You're not in the US? It might help for us to know which area of the world you're in so we can suggest seasonal vegetables that might be available to you.
Finally, hotoynoodle is a chef and her advice is solid, if you're going to listen to anyone.
i'm from the philpphines, don't get me wrong, i am very happy with ur feedbacks, and i'm actually planning to do a dry run what hotoynoodle told me about the deconstructed caprese insalata
i attached a photo below which is the dessert im practicing, the only thing is it's just a plain creme brulee, with brandy snap and mixed berries, the simple sugar pulling im referring to is the pink one nxt to the brandy snap
thanks chowser. :)
sorry if i came across harsh, but you have 3 different kinds of pork in just 2 courses. it's too repetitive. if you're doing a tomato-based 1st course, you don't need them again in the main. pick something else for color, like the golden raisins or apricots i suggested.

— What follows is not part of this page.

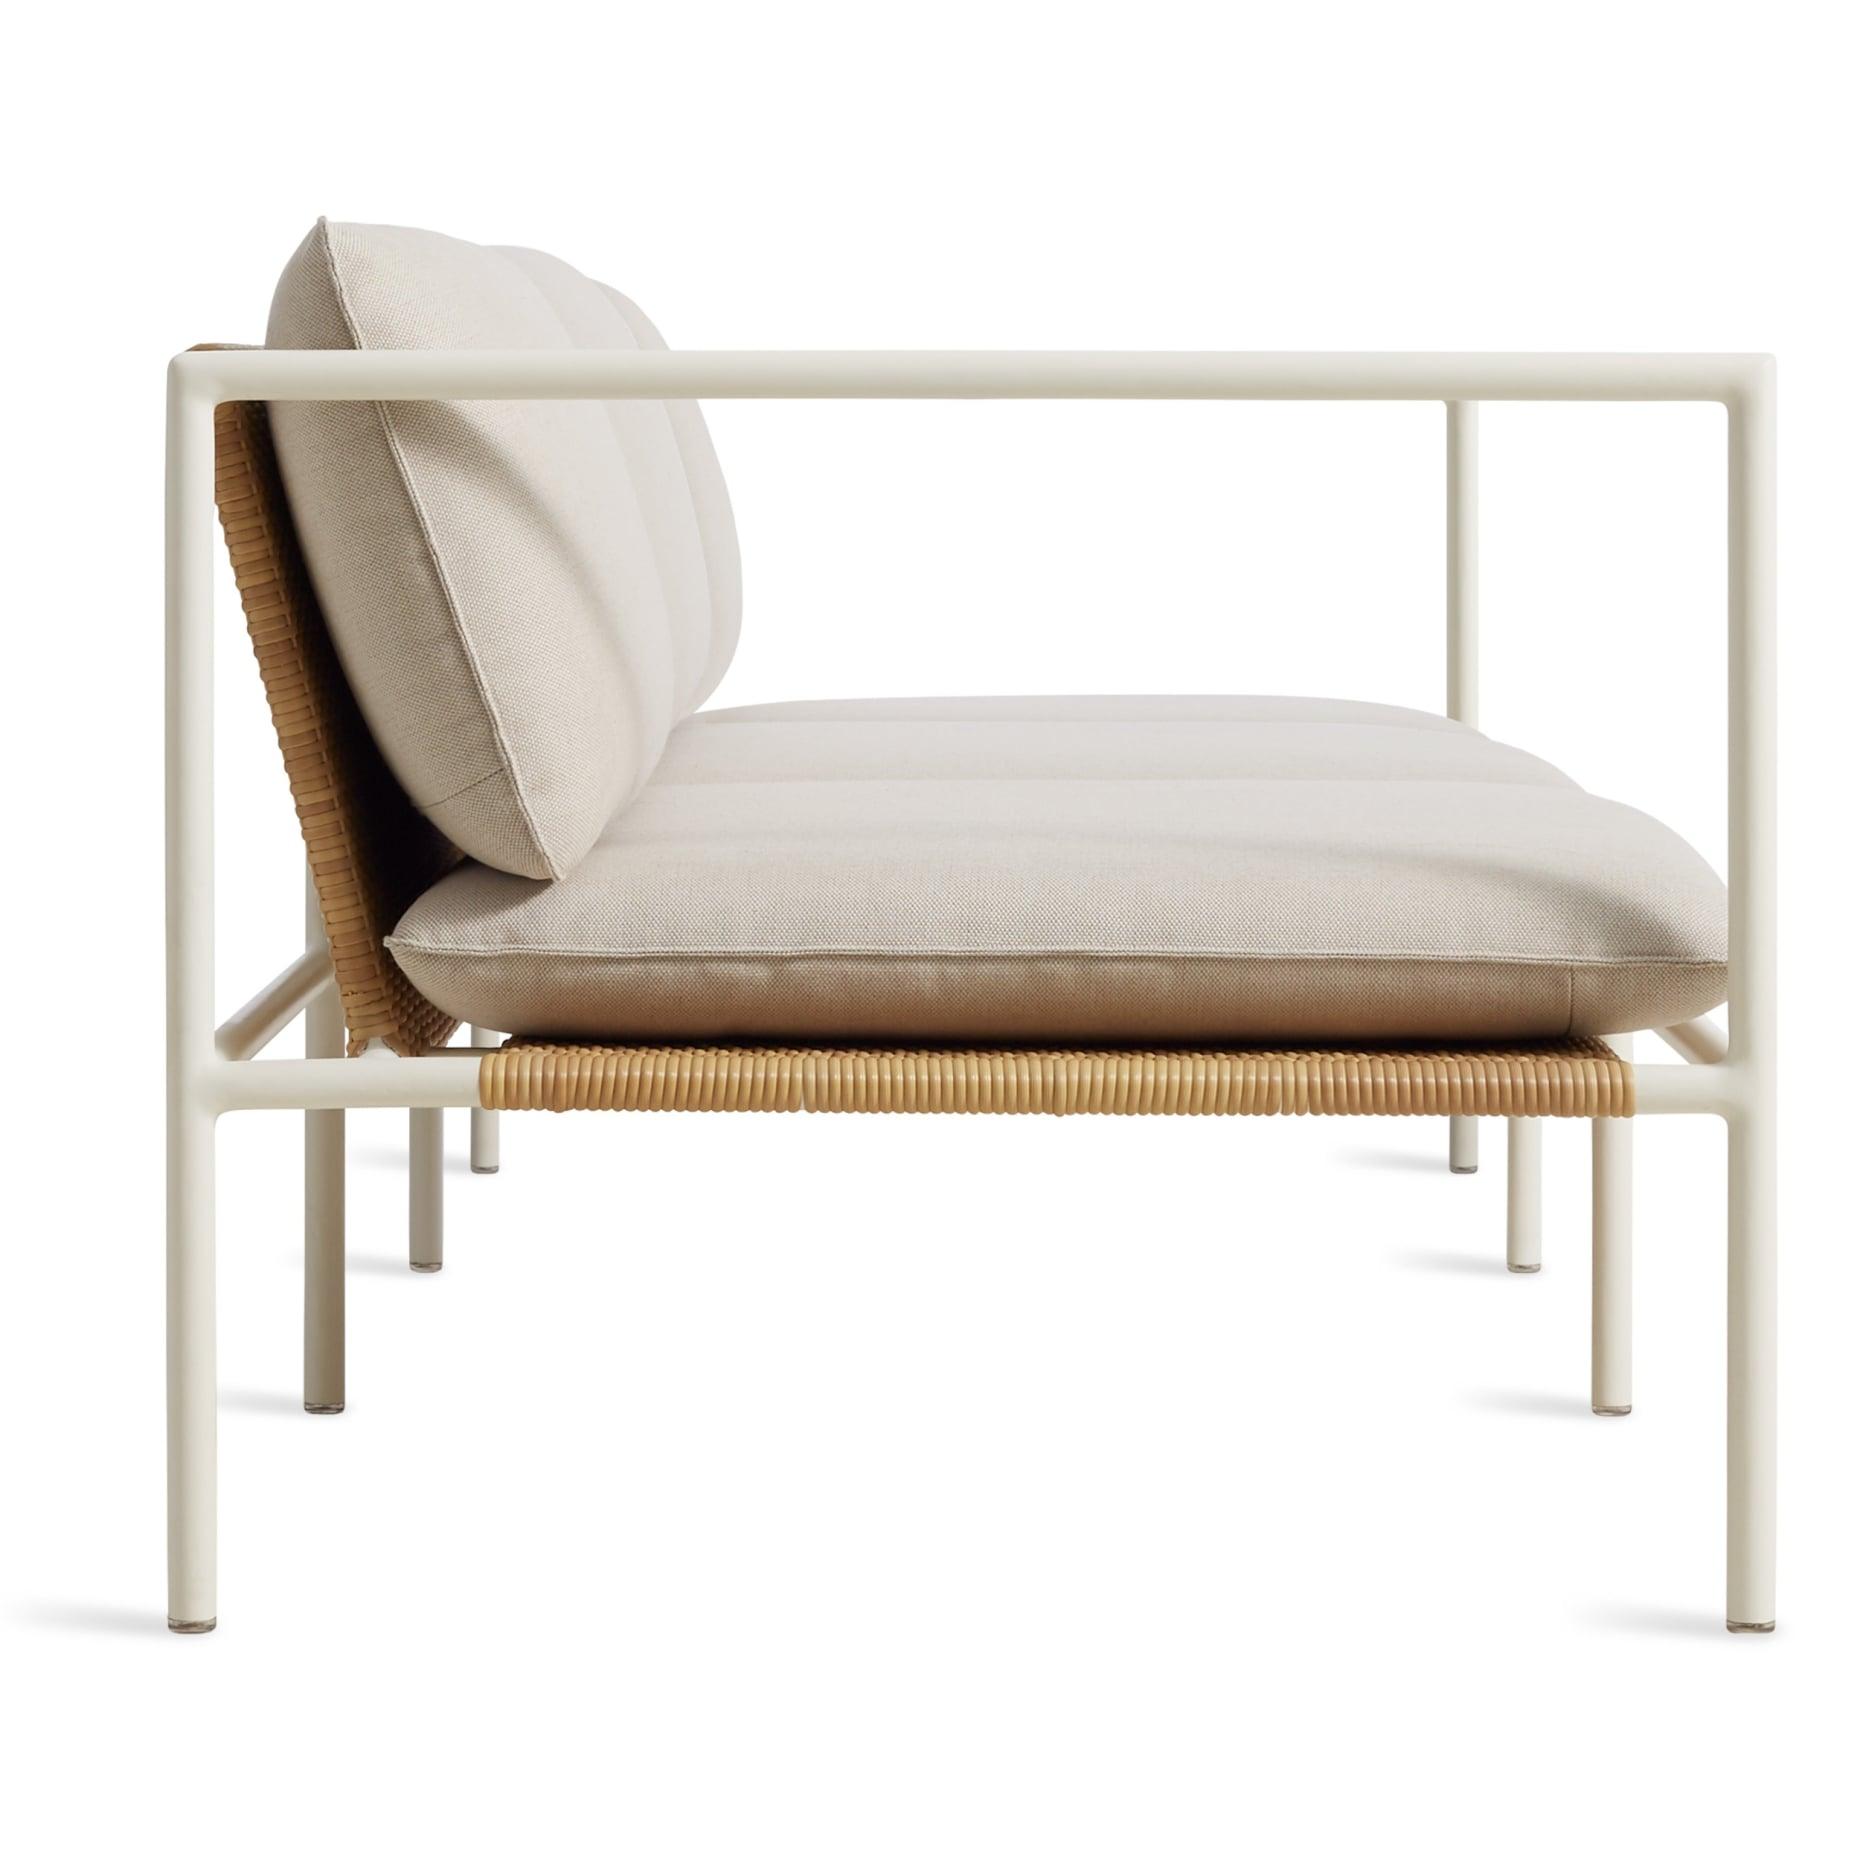 dg1 3stsfa ln sidelow dog days outdoor 3 seat sofa sunbrella linen white

and yes, if you want to do tomatoes with mozzarella you need something way more interesting than pesto or balsamic to get points for that course.
agree abut the sugar candy. cool looking, but it seems more like a child's confection. i'd find the artificial colors very off-putting.
i went to culinary school and have worked in fine-dining over 20 years, for some of new england's best chefs. am not trying to steer you wrong.
Wow this is a hard one to give advise on since I have no idea what the school has been trying to teach you or what their grading criteria will be.
Just looking at the menu itself - I think the course ideas are very good but agree with others that the subtle flavor choices in each could be more consistent.
I also think that with a timed exam you need to do what you are comfortable with and know you can complete in the given time frame. This wouldn't be where I would be trying new recipes or flavor profiles (unless this exam is pushing you to do that).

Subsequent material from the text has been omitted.